Other books have cast a similarly negative light on Walt's legacy. Bob Thomas' 1999 title, "Building a Company: Roy O. Disney and the Creation of an Entertainment Empire," revealed that it was often Roy's business acumen -- not Walt's vaunted creativity -- that actually kept their company afloat in tough times.
Leslie Iwerks and John Kenworthy's "The Hand Behind the Mouse: An Intimate Biography of Ub Iwerks" further whittled away at the Disney mystique, revealing that it was Ub --- rather than Walt -- who had created Mickey Mouse. Add to this the recent revelation from Rick Foglesong's "Married to the Mouse: Walt Disney World and Orlando," that Walt really didn't want people to live in Epcot, which meant all that stuff that Disney fed the Florida Legislature in the mid-1960s so he could have a free hand in creating his own government was a lie.

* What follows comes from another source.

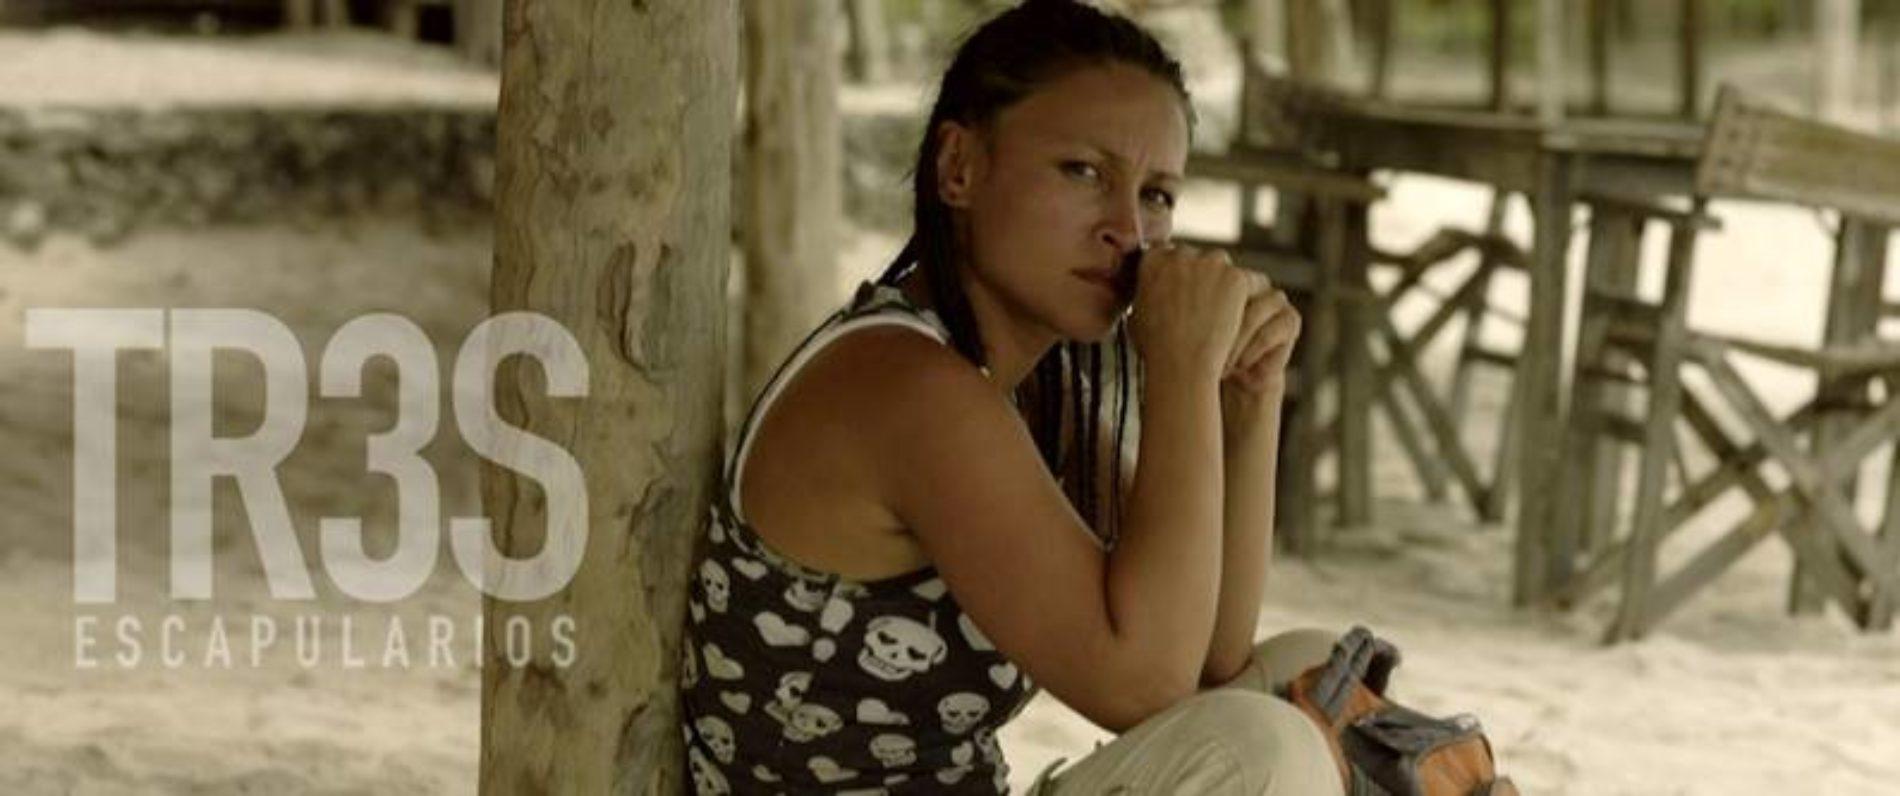 PREMIO A ISABEL JIMÉNEZ EN EL COLOMBIAN FILM FESTIVAL DE NY
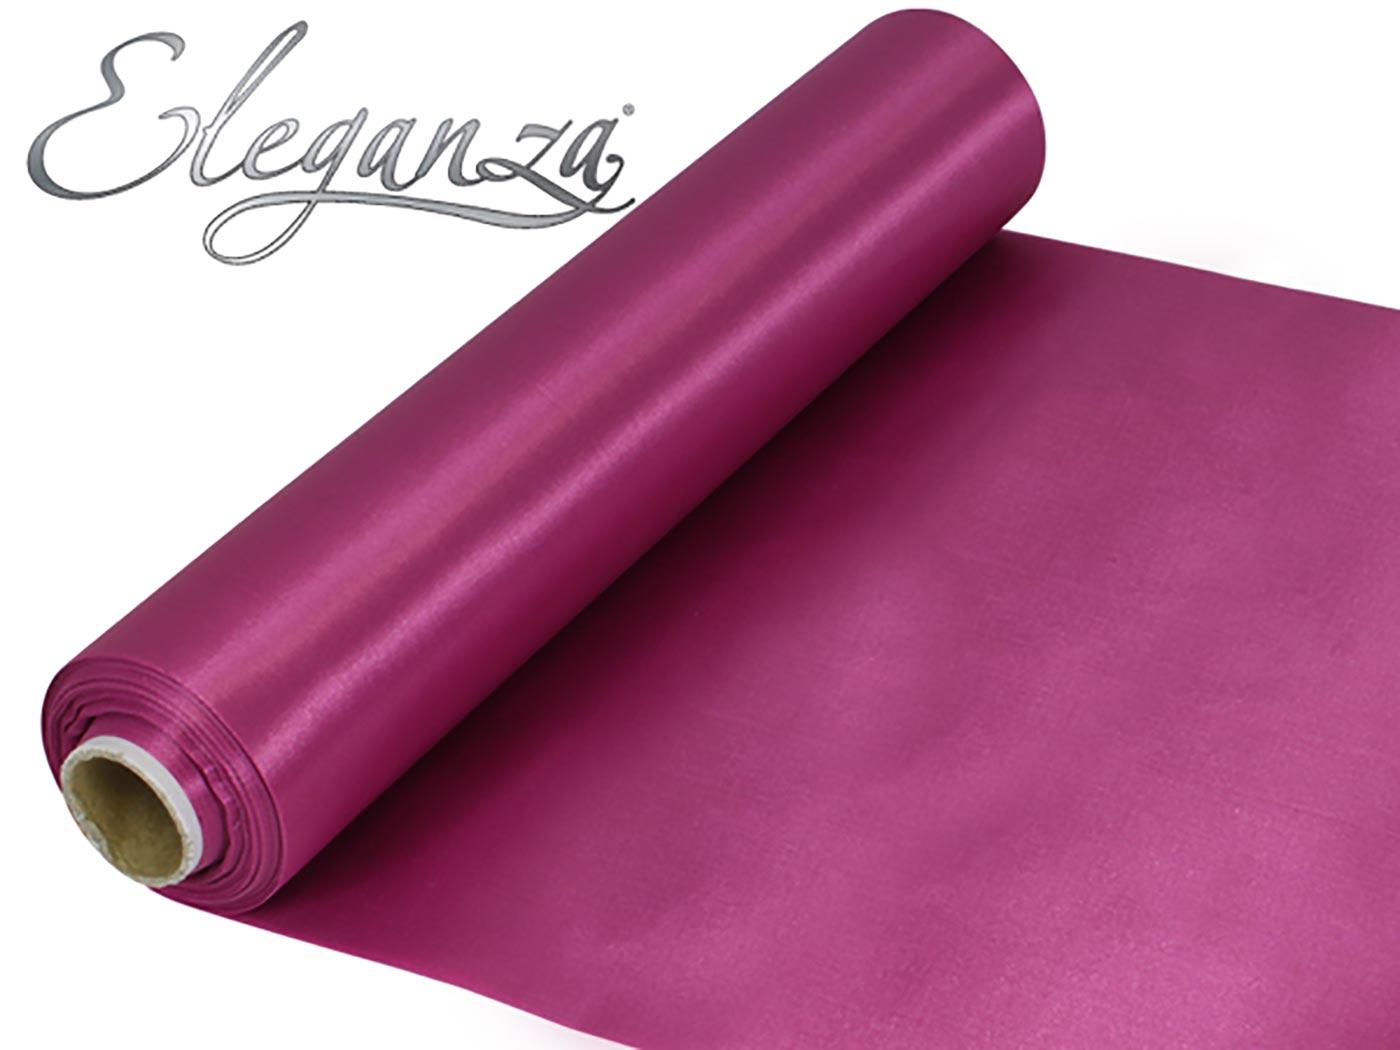 Eleganza Satin Fabric 29cm x 20m Rose Pink

That's why Miller and her film-making team have their work cut out for them. They hope their mixture of home movies and in-depth interviews, family photos and newsreel footage will help remind people that Walt was an actual living person. Strange as it may sound, Disney's marketing surveys show that a growing number of Americans actually believe there never was a Walt Disney, and think his name is just an ad-agency creation, like Betty Crocker or Aunt Jemima.
But you don't have to settle for others' interpretations of the man. In "The Quotable Walt Disney," Dave Smith, head archivist of the Disney company for 30 years, has collected excerpts from speeches and interviews. Yet what's most intriguing about this new book -- particularly because it is officially sanctioned -- is that those quotes don't always reflect well on current management.
Smith lets the reader decide if he is commenting on the Disney's new California Adventure park when he quotes Walt as saying: "I don't want the public to see the world while they're in `Disneyland`. I want them to feel that they're in another world." (The new park offers clear views of outside intrusions.) And, "There will be none of the Ã?pitches' and game wheels ... designed to milk the visitor's pocketbook." (The new park has a wide selection of games-of-chance.)
Most telling is Smith's decision to include Walt's words: "Disneyland is a work of love. We didn't go into Disney- land just with the idea of making money ... Besides, you don't work for a dollar; you work to create and have fun."
Here is Disney himself saying that there is more to life than making money. Yet the big corporate party in his honor clearly is just being held to generate additional revenue. Hell of a birthday present for old Walt, don't you think?